Другие с ним согласились.

А потом об этом забыли. Действительно – важная вещь: один из десятерых был в театре! И больше речи об этом не возникало до самого дня отъезда.

Но когда наши чемоданы лежали уже в вестибюле и автобус стоял у подъезда, чтобы отвезти нас на аэродром, появился представитель фирмы, которого мы, кажется, ни разу не видели. Он сказал, что дирекция поручила ему передать нам пожелание счастливого путешествия и взять обещание: если мы снова соберемся в Италию, контактироваться только с их фирмой. И ни с какой другой.

– Ваш визит вызвал широкий отклик. Многие газеты поместили сегодня статьи о том, что следует укреплять эти контакты. Пишут о ваших докладах. Очень интересны были дискуссии за круглым столом. Дирекция приглашает вас приехать на более долгий срок… Нет ли у вас претензий?

Претензий не было.

Он простился, вышел в стеклянную вертящуюся дверь, вернулся в вестибюль и сказал:

– Я совершенно забыл. Мне говорили, что синьор Андроников посетил спектакль римской оперы и приобрел билет за пять с половиной тысяч лир. Фирма желает сохранить с вами добрые отношения и поручила мне вернуть ему эту сумму.

Все оживились:

– А нам?!… Он сказал:

– Спектакль в Милане, который вы рассчитывали посетить, прошел раньше, чем вы приехали. Фирма не считает себя ответственной за то, что вы не попали в Милан. Что же касается синьора Андроникова, он слушал оперу, будучи гостем Италии…

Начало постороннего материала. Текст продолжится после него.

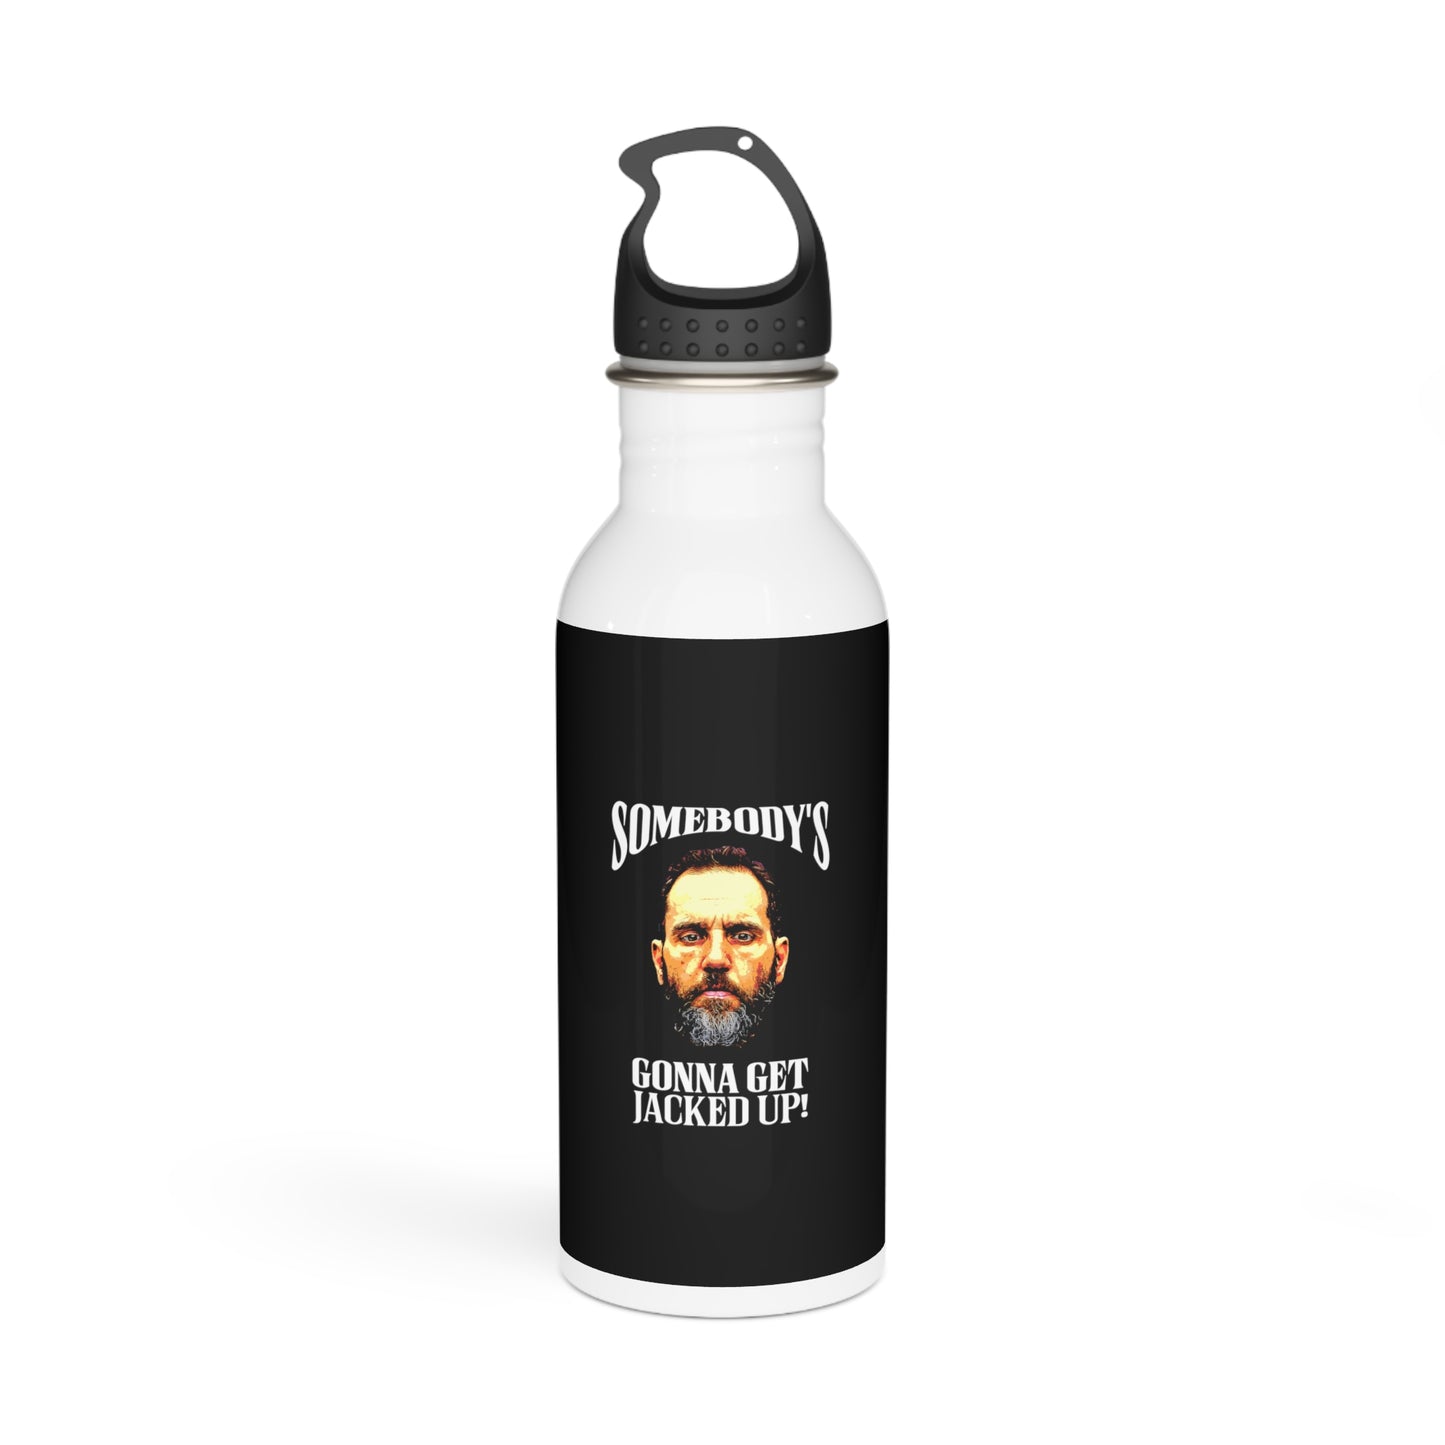 SOMEBODY'S GONNA GET JACKED UP! - Stainless Steel Water Bottle
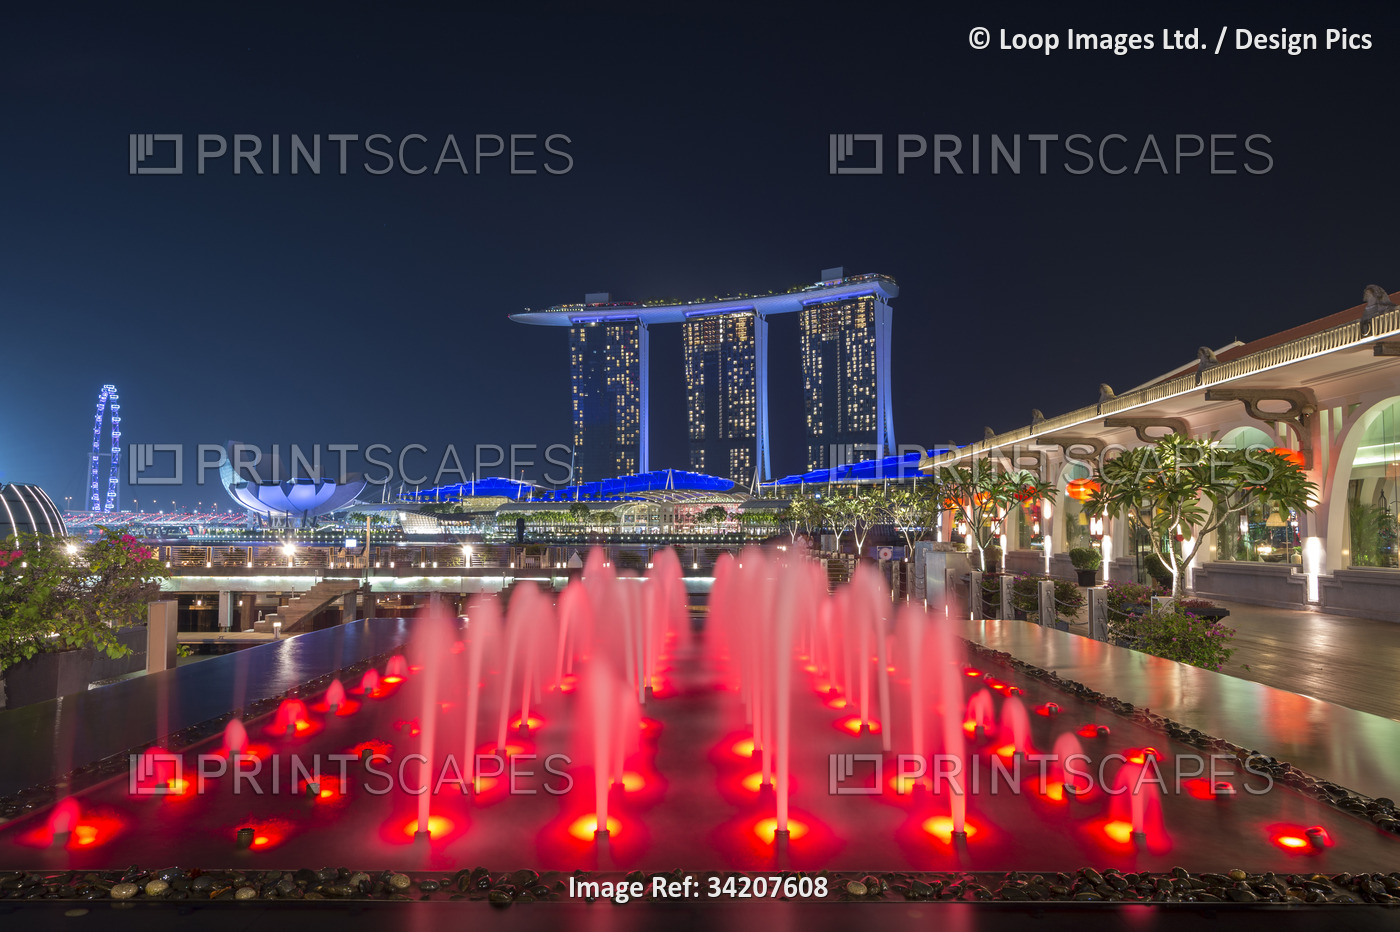 The Marina Bay Sands hotel at night with red water feature.

И он вручил мне деньги, которые истратить было уже невозможно: через двадцать минут мы должны были подняться на борт самолета. И все же я был очень доволен и смеюсь до сих пор, когда вспоминаю эту историю. Видно, законы античной поэтики объективны: добродетель вознаграждается! Ну, а кроме того, я понял уже окончательно, навсегда:


ЕСЛИ ЛЮБИШЬ МУЗЫКУ, ТО ЛЮБИ!
1962-1973
ПОЛНОЕ СОБРАНИЕ ИСПОЛНЕНИЙ

Я не слышал живого Шаляпина. Да теперь уж и мало таких, кто бывал на его спектаклях, слышал его в концертах,– это уже глубокие старики. Всем остальным доступны только пластинки – десять дисков записи 1901– 1936 годов.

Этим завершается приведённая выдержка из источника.